In an empirical dataset of 120 choices, CBS shows higher in-sample and out-of-sample accuracies and Tjur’s D than all of the tested parametric models (Fig. 5). For both in-sample accuracy and Tjur’s D, we find that the 2-piece CBS function provides performance superior to all other methods in both ITC and RC, followed by 1-piece CBS. These in-sample results are somewhat expected given that models with more parameters are generally more likely to provide higher performance metrics. However, even in out-of-sample prediction CBS provides the highest accuracy and Tjur’s D compared to all other parametric models in both ITC and RC. This clearly demonstrates that CBS is not simply providing a flexible function that overfits empirical data; rather its flexibility is important in capturing individual characteristics so as to increase descriptive and predictive power. In ITC, out-of-sample accuracy is highest for the 1-piece CBS model followed by the 2-piece CBS model, while out-of-sample Tjur’s D is highest for the 2-piece CBS model followed by the 1-piece CBS model. This may suggest that while the 1-piece CBS model may provide the highest hit rate accuracy, the 2-piece CBS model may be able to better separate the two choice types. In RC, both out-of-sample accuracy and Tjur’s D are highest for the 2-piece CBS model, by a substantial margin over the next runner-up 1-piece CBS model.
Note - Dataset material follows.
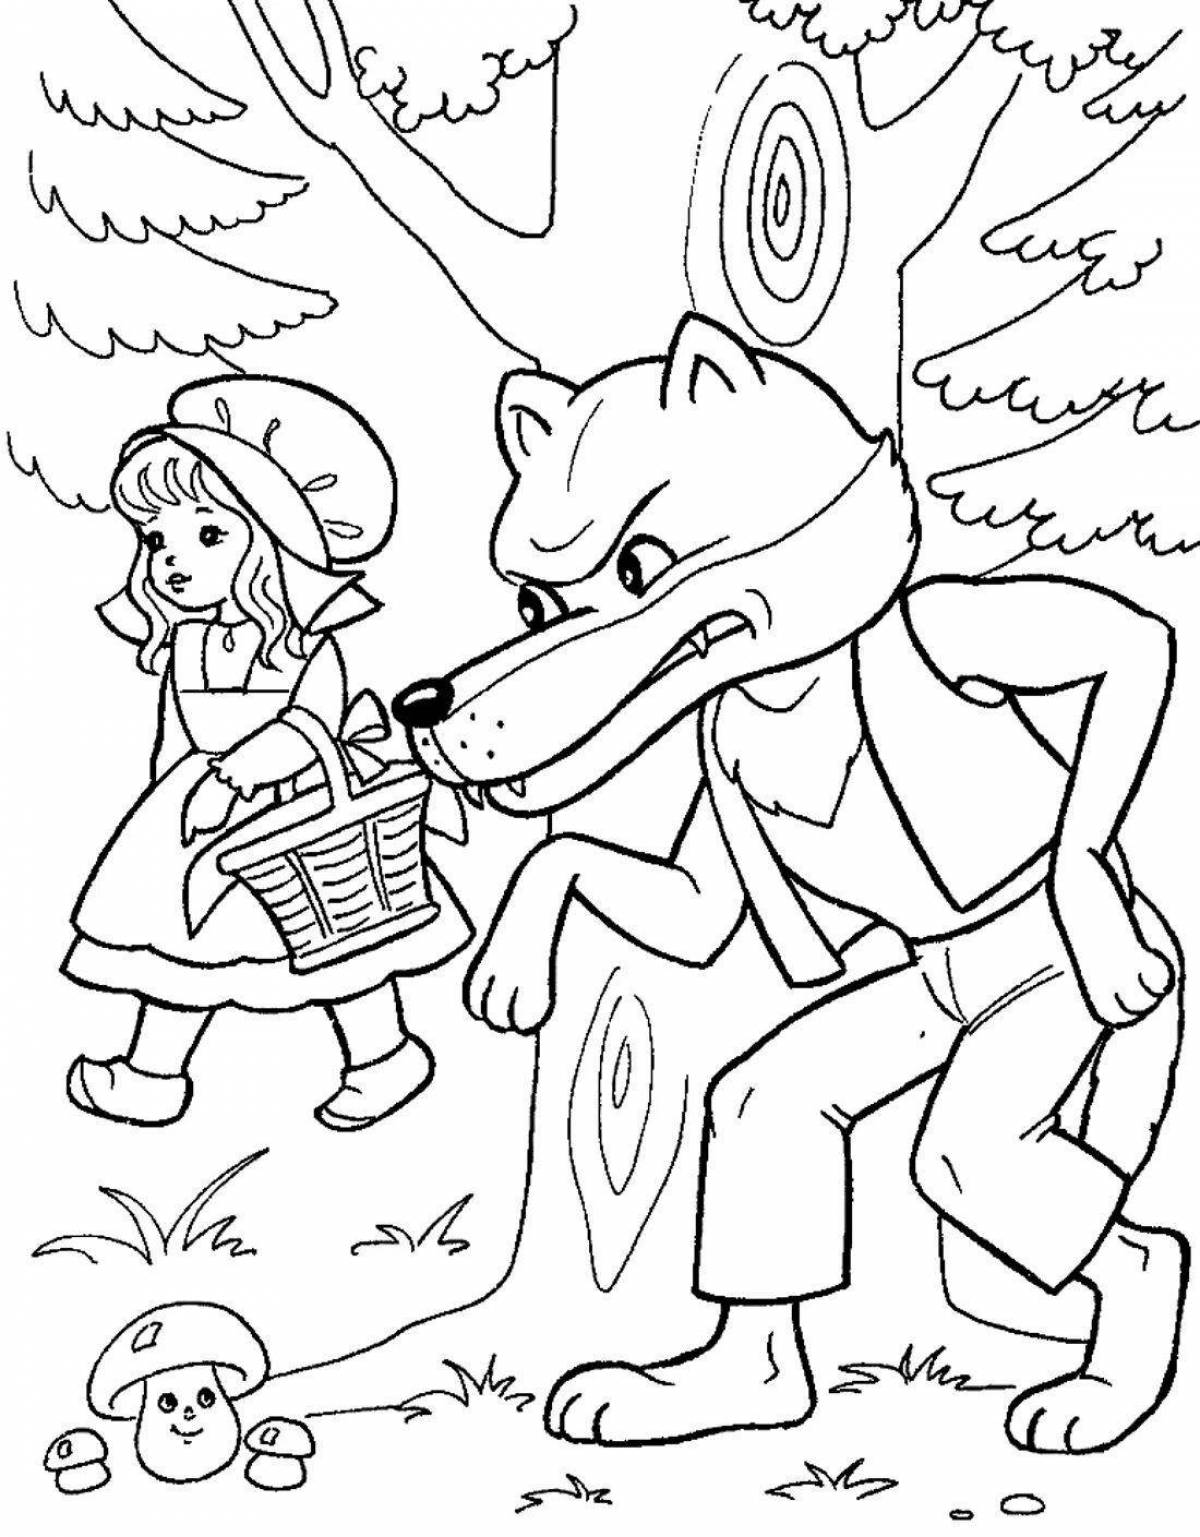 Rampant Little Red Riding Hood coloring book

This pattern may suggest that RC data may generally require more complex functions than ITC data in order to adequately model behavior.

Fig. 6
figure 6

Plots of eight example participants’ choices in ITC, their best parametric fits and their best CBS fits as determined by LOOCV. a Shows 4 participants whose highest LOOCV Tjur’s D came from parametric models and b shows 4 participants whose highest LOOCV Tjur’s D came from CBS. In each panel, the top row shows the best parametric model (by LOOCV) and the bottom row shows the CBS fit. a participants are selected such that the diverse parametric forms can be shown; b participants are selected to show a variety of CBS fits that did not conform to parametric forms

Fig. 7
figure 7

Plots of eight example participants’ choices in RC, their best parametric fits and their best CBS fits as determined by LOOCV. a Shows 4 participants whose highest LOOCV Tjur’s D came from parametric models and b shows 4 participants whose highest LOOCV Tjur’s D came from CBS. In each panel, the top row shows the best parametric model (by LOOCV) and the bottom row shows the CBS fit. a Participants are selected such that the diverse parametric forms can be shown; b Participants are selected to show a variety of CBS fits that did not conform to parametric forms

Fig. 8
figure 8

Deviation from common parametric forms. a Shows CBS prediction performance minus the maximum of parametric models’ prediction performance in ITC. CBS shows increasingly better predictions as the average daily change in discount rate becomes positive. b Shows the average fitted CBS functions for ITC grouped by the average daily change in discount rate. The solid line is the median function, with gray shade showing the standard errors. c Shows that, in RC, CBS provides better predictions in participants who do not alternate between risk aversion and risk seeking or alternate more than one time. Panel D shows the average fitted CBS functions for RC grouped by the number of switches between risk-aversion and risk-seeking behavior. *t test against 0, \(p< .05\). **\(p< .01\), ***\(p <.001\)

Fig. 9
figure 9

Cross-session correlations and standard errors of overall measures of delay discounting (a, c) and risk aversion (b, d) as estimated by the Area Under the Curve (AUC) of CBS. In a, b, the abscissa marks the AUC measure of each participant in session 1 and the ordinate marks the AUC measure of each participant in session 2. The cross-session Pearson correlation measure of AUC was 0.79 for ITC and 0.60 for RC, both with p-values less than .001. c, d shows the standard errors of the AUC estimates obtained through a jackknife procedure

4.3 Identifying Novel Patterns of Behavior

To provide further insight into why CBS shows increased predictive power over parametric models, we first present example participants’ data that span the variety of choice patterns we observe. Example participants’ choices and model fits are shown for ITC in Fig. 6 and for RC in Fig. 7. Both the choices and fits are shown in relative amounts. The relative amount is the immediate amount divided by the larger amount; for example, in ITC, a choice of $20 versus $40 in 6 days is essentially asking if \(f(D = 6\)) is greater or less than 0.5, which is the relative amount of 20/40. By plotting each question in terms of relative amount and delay, we can see whether the fitted function (drawn in solid black line) is appropriately dividing the two choice types (shown in circles and Xs). Panel A in both Figures shows 4 participants’ data whose highest LOOCV Tjur’s D is from extant parametric models. The top row shows the parametric model fits while the middle row shows the CBS model fits. In these cases, participants’ choices are well aligned with known parametric models and CBS shows good approximations of them. Given larger datasets, CBS will likely match the parametric models in these participants. On the other hand, Panel B in both Figures shows 4 participants’ data whose highest LOOCV Tjur’s D is from CBS. We can see in the top row that even the best extant parametric models are unable to separate the choices well. In contrast, CBS fits a rather unconventional, but flexible, monotonic function that separates the two choice types.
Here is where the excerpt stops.